Given this wide variation in the calorie density of food, it should come as no surprise that the energy input/output ratio – or perhaps more accurately the energy input/food throughput ratio – of food distribution depends not just on how food is moved and how far, but also on what type of food is being moved. An energy intensive mode of distribution that moves a very calorie dense food might yield an energy input/throughput ratio comparable or even superior to a far more efficient mode of transport that moves a less energy dense food. The devil, as they say, is in the details.

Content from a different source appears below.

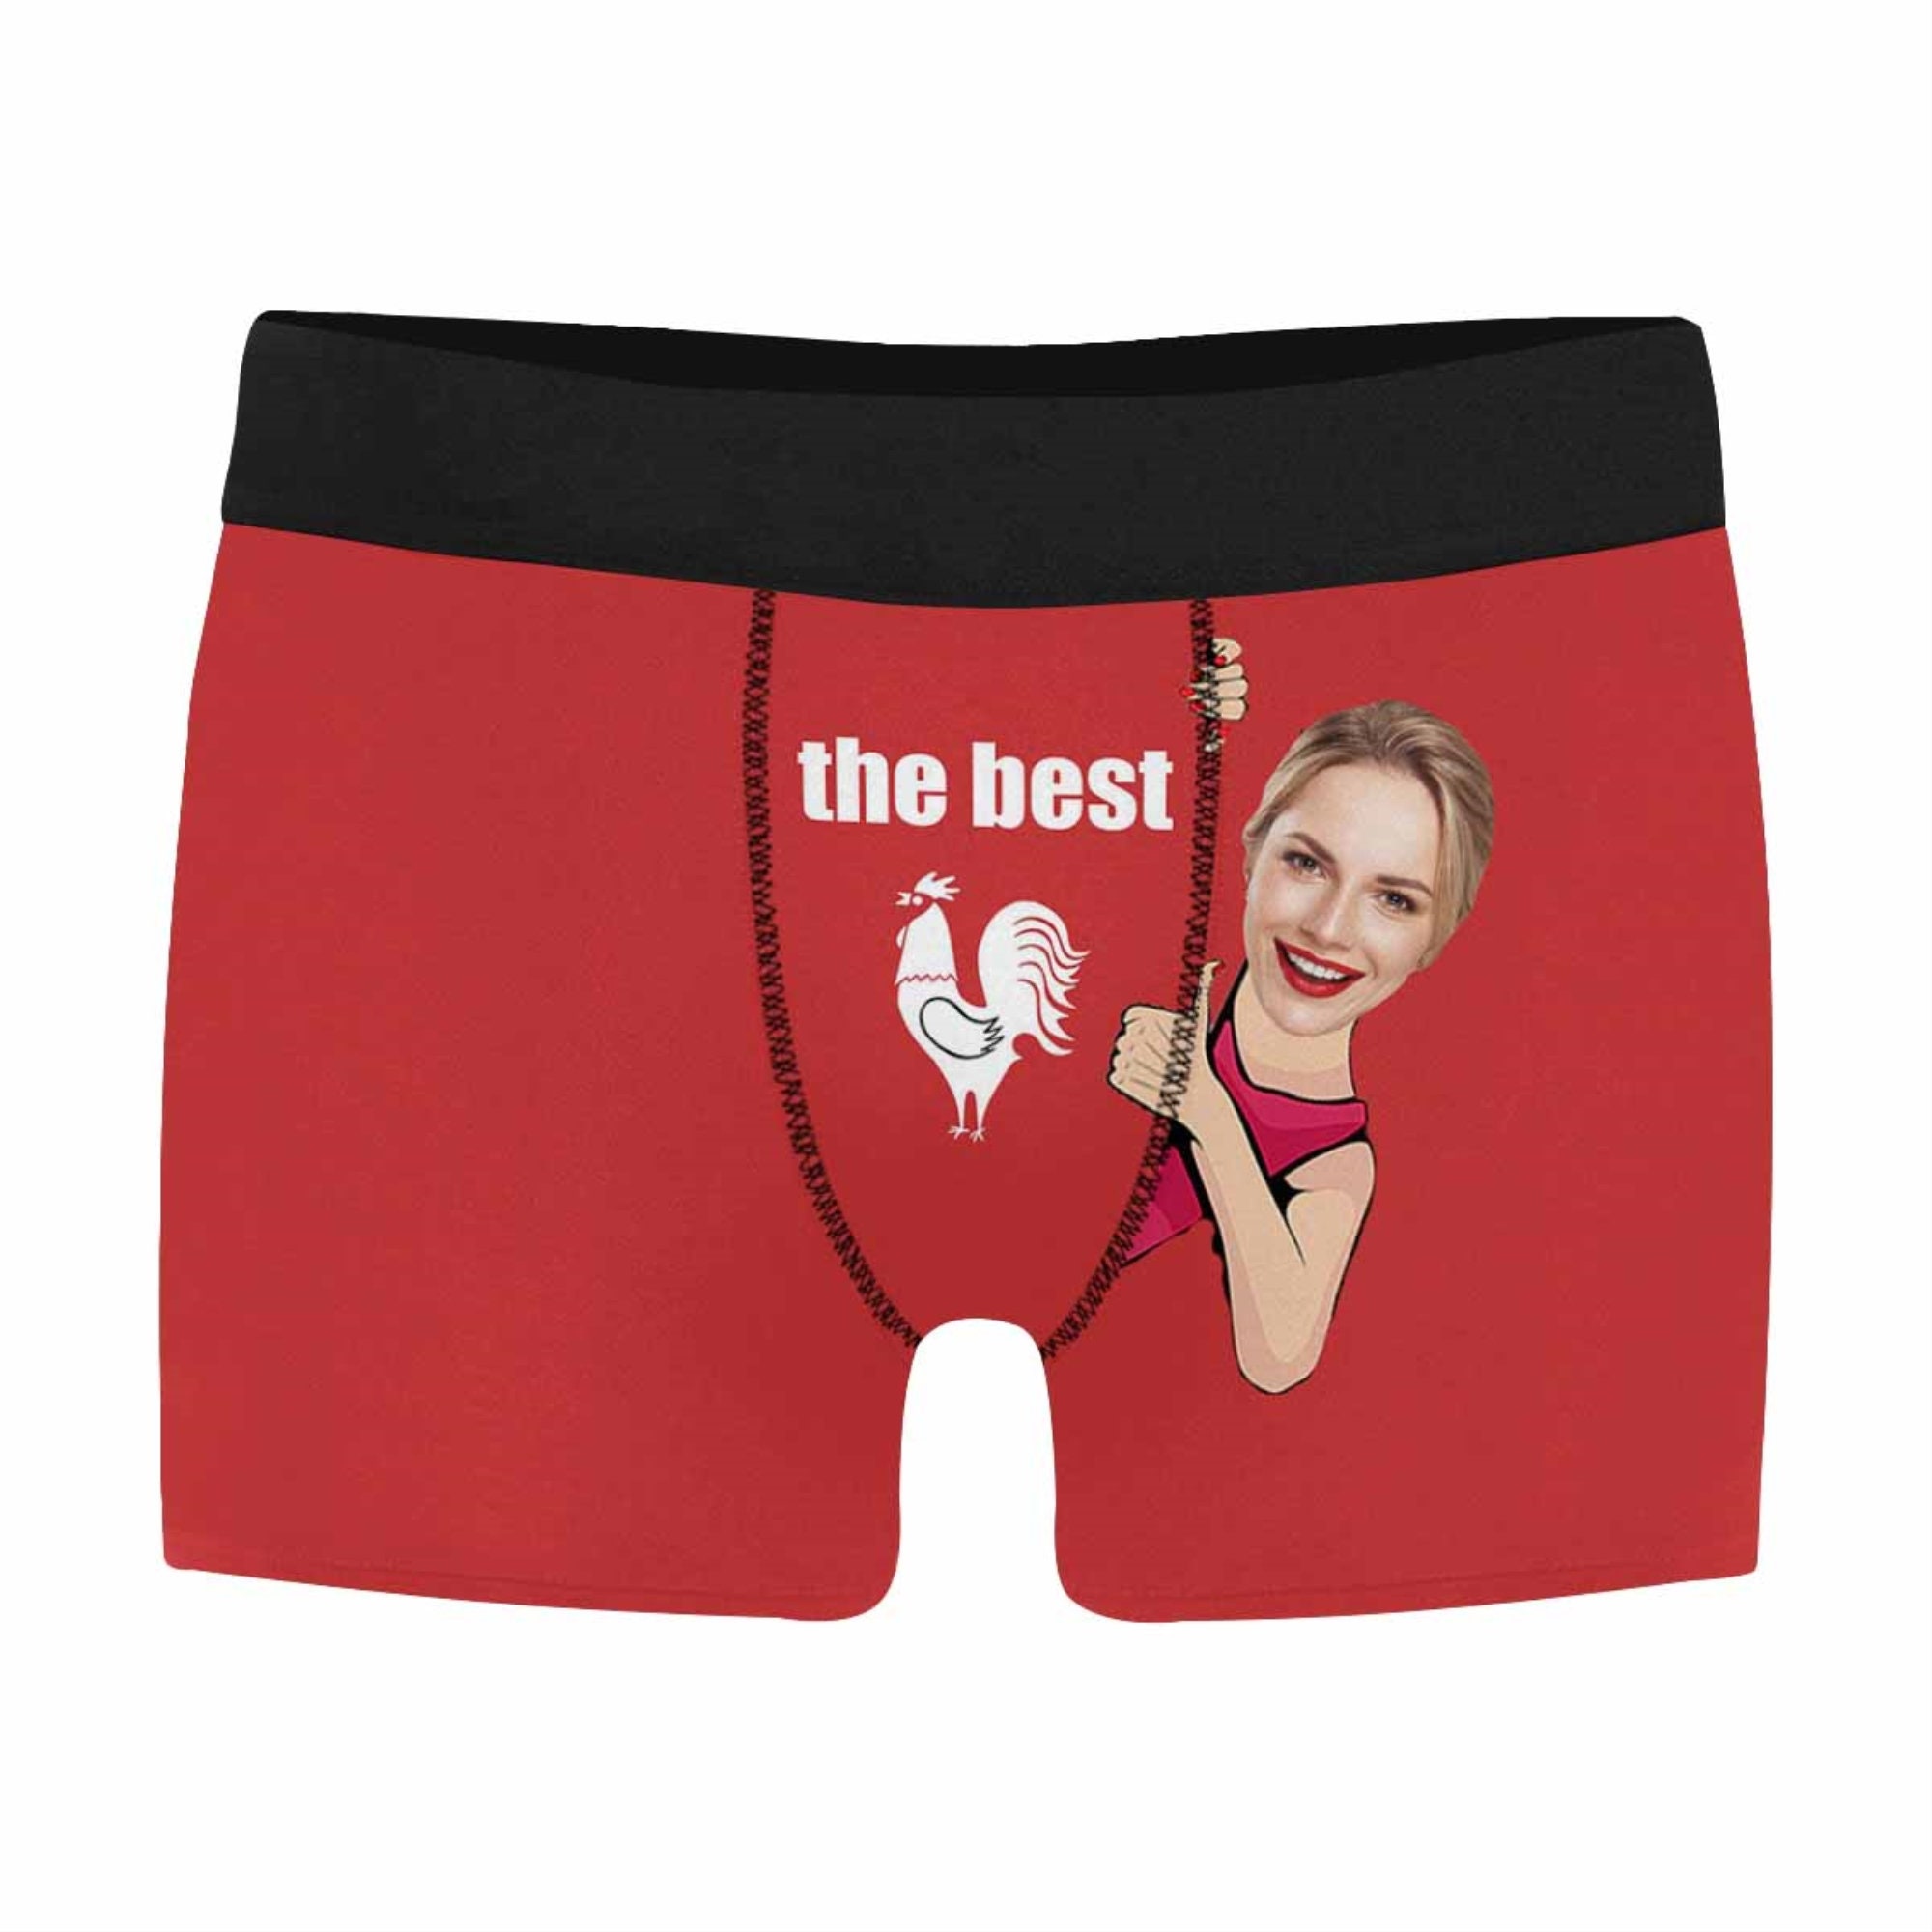 Lovely POD Custom Underwear For Boyfriend - Boxers With Face On Them,  Personalized Underwear For Men Boyfriend Husband, Boxer Briefs With Photo  Face, Valentines Day Gifts For Him From Girlfriend 23 at

Say we want to move comparable weights of bacon and carrots 100 miles via semi truck and pickup truck. Which is more efficient? Assuming the semi carries 40,000 pounds of food at 6 mpg and the pickup carries 1,000 pounds at 18 mpg, it’s clear that by far the most efficient option is to move the calorie dense bacon via semi, and by far the worst is moving carrots via pickup. Moving carrots via semi enjoys a slight advantage energetically over moving bacon via pickup, but the high calorie density of bacon cancels out much of the efficiencies of scale that come with moving larger quantities of carrots with a much larger diesel engine. In general it’s easier to make a case for transporting calorie dense foods such as meat, cheese and even eggs regardless of mode of transport, since less calorie dense vegetables and fruit require more fuel energy input per unit of food energy moved.
Much of the discourse in the local food movement revolves around the assertion that by buying food produced nearby we reduce the amount of fuel burned in the service of food transport. As I note in The Energetics of Food Distribution this can be true, but given the efficiencies of scale seen in moving larger quantities of food it isn’t always true. Another wrinkle worth adding to food distribution discussions, as I’ve hopefully demonstrated here, revolves around what type of food is being transported, particularly whether we’re choosing between shipping bacon and other calorie dense, animal-derived foods or more calorie diffuse foods such as vegetables and fruit. As long as fuel remains cheap the practical differences between these foods are small, but rising energy prices may compel us to be more discerning about what types of food we ship.
- ‘Calories’ are simply units of heat, and for those unfamiliar with metric prefixes ‘kilo-’ means 1,000. In popular literature it’s common to speak of nutritional calories, and a nutritional calorie is actually a kilocalorie, which is 1,000 thermal calories.